Faster way to remove duplicate lines?

edgore · Post by **edgore** » Mon Jul 29, 2013 4:23 pm

I have some very long (25K lines) lists that I would like to filter for duplicates, and I am wondering if there is a faster way to do this than what I am currently doing.

Right now I have tried

Code: Select all

on mouseUp
   put field 1 into Temp --field 1 contains about 25K lines
   put empty into noDupes
   put the milliseconds into timer
   repeat for each line theLine in Temp
      if noDupes contains theLine is false then
         put theLine & return after noDupes
      end if
   end repeat
   delete the last char of noDupes
   put (the milliseconds - timer) & return & noDupes
end mouseUp

which takes about 108399 milliseconds, and I tried

Code: Select all

on mouseUp
   put field 1 into Temp --field 1 contains about 25K lines
   put empty into noDupes
   put the milliseconds into timer
   repeat for each line theLine in Temp
      if theLine is not among the lines of noDupes then
         put theLine & return after noDupes
      end if
   end repeat
   delete the last char of noDupes
   put (the milliseconds - timer) & return & noDupes
end mouseUp

which takes about 107540 milliseconds, a difference that could come down to my having switched over to email while it was running.

Is there any sneaky way to accomplish this faster? I know that it's grinding because each run through the loop has to compare against an ever increasing list of unique lines, but I can't think of away to avoid that.

edgore · Post by **edgore** » Mon Jul 29, 2013 4:53 pm

Oh, and I also tried this:

Code: Select all

on mouseUp
   put deleteDuplicateLines(field 1) into noDupes
   put the number of lines in field 1 &&  the number of lines in noDupes
end mouseUp

function deleteDuplicateLines theList 
   split theList by return
   combine theList by return
   return theList 
end deleteDuplicateLines

which is almost instantaneous, but doesn't seem to actually remove any lines (the line count *should* drop from 25778 to 23440 in my stack), instead this script reports back 25778 before and after

edgore · Post by **edgore** » Mon Jul 29, 2013 4:58 pm

Aha! I figured it out!

the script below results in ridiculously fast duplicate removal:

Code: Select all

on mouseUp
   put deleteDuplicateLines(field 1) into noDupes
   put the number of lines in field 1 &&  the number of lines in noDupes
end mouseUp

function deleteDuplicateLines theList --this function removes duplicate lines from a list
   split theList by return and space
   combine theList by return and space
   replace space & return with return in theList
   delete the last char of theList
   return theList
end deleteDuplicateLines

As a side effect, it also sorts the lines of the container.

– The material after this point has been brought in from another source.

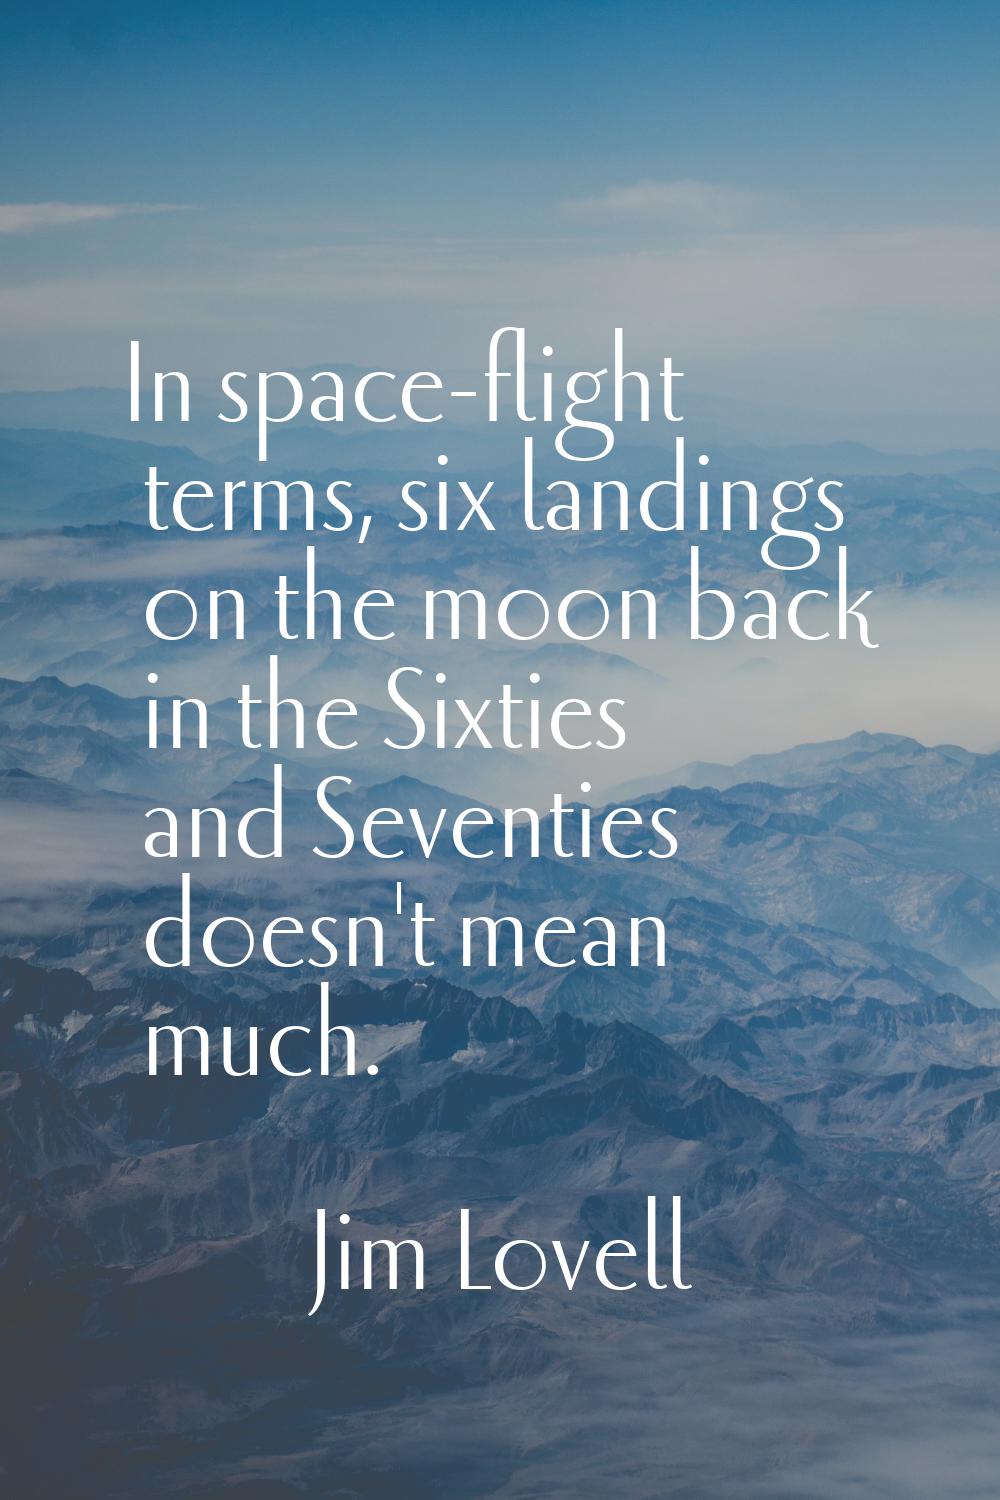 In space-flight terms, six landings on the moon back in the Sixties and Seventies doesn't mean much

It also shows I need to spend more time learning how split and combine work.

Simon · Post by **Simon** » Mon Jul 29, 2013 7:46 pm

Wow,
Interesting use of split/combine

Simon

dunbarx · Post by **dunbarx** » Mon Jul 29, 2013 9:33 pm

Edgore.

I am with Simon. Simple when you see it. Devilishly clever of you.

Craig

edgore · Post by **edgore** » Mon Jul 29, 2013 10:04 pm

I figured there *had* to be some way of leveraging unique keys in arrays to do this, just took a while to work it out. Hopefully there is not a downside that I am not thinking about. My initial need, and all of my testing were for a single word on the line, but I just tested it with longer lines and spaces in the line and it seems to still work just fine.

Edit - don't trust the sort though - it's strange with alpha characters. Do your own sort if you need that.

edgore · Post by **edgore** » Mon Jul 29, 2013 11:53 pm

Found a bug - it adds a space on to the end of each line. I have updated the routine above to correct this

MaxV · Post by **MaxV** » Wed Jul 31, 2013 1:09 pm

Livecode embed SQLITE, so you can use it this way:

Code: Select all

put the text of field 1 into Temp
put "./temp.sqlite" into tDatabasePath
put revOpenDatabase("sqlite", tDatabasePath, , , , ) into connID
put "CREATE TABLE temp (list TEXT) ; " into tSQL  #there are a lot of temp variables here... ;-)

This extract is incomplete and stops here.